Потом она надела шинель и прошла через двор к начальнику госпиталя.

— Николай Александрович, — сказала она, — вы обещали отпустить меня к матери в Москву. Прошу вас — отпустите меня в Киев. Мне это необходимо.

…Весь день несло ледяную крупу. Потом пошел степной зимний ливень, со свистом ветра накидываясь на человека, по щиколотку в грязи бредущего к продутой насквозь своей хате.

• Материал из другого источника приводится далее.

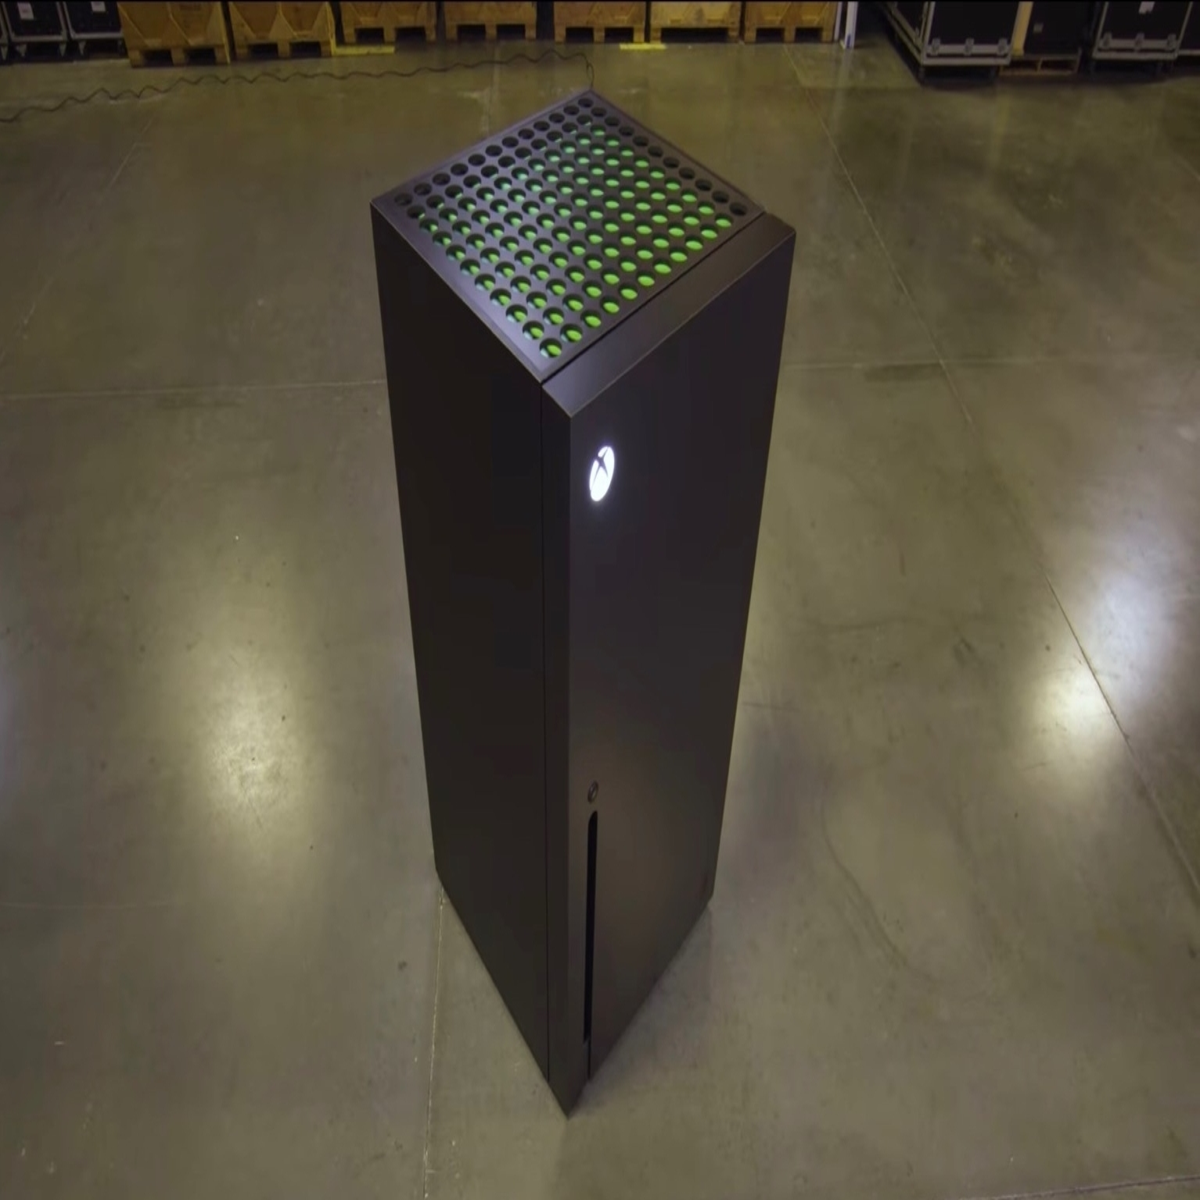 Microsoft ha realizzato un frigo a forma di Xbox

Григорий Чуйко вернулся в такую дождливую ночь. Два часа блуждал он по степи и не мог найти родного села. Какие-то сожженные хаты возникали в тумане, какие-то голые разлапистые деревья, гиблая тоска опустошенных мест. Он был отпущен домой на четыре месяца; с его правым больным легким была проделана операция — в легкое был вдут воздух: называлось это странным словом, которое Григорий не запомнил. Он так и не добрался до родного села, и только по мрачно темневшему остову ветряной мельницы определил, что находится вблизи соседнего большого села, где жила мать жены. Тяжелая грязь налипала на сапоги, иногда он проваливался в глубокие лужи и останавливался, чтобы набрать дыхание. Рукава его шинели были мокры, под намокшей шапкой остывал, холодя голову, пот. Ветер тонко свистел в острых листьях неснятой кукурузы или волчьим воем ныл в телеграфных столбах с порванной проволокой.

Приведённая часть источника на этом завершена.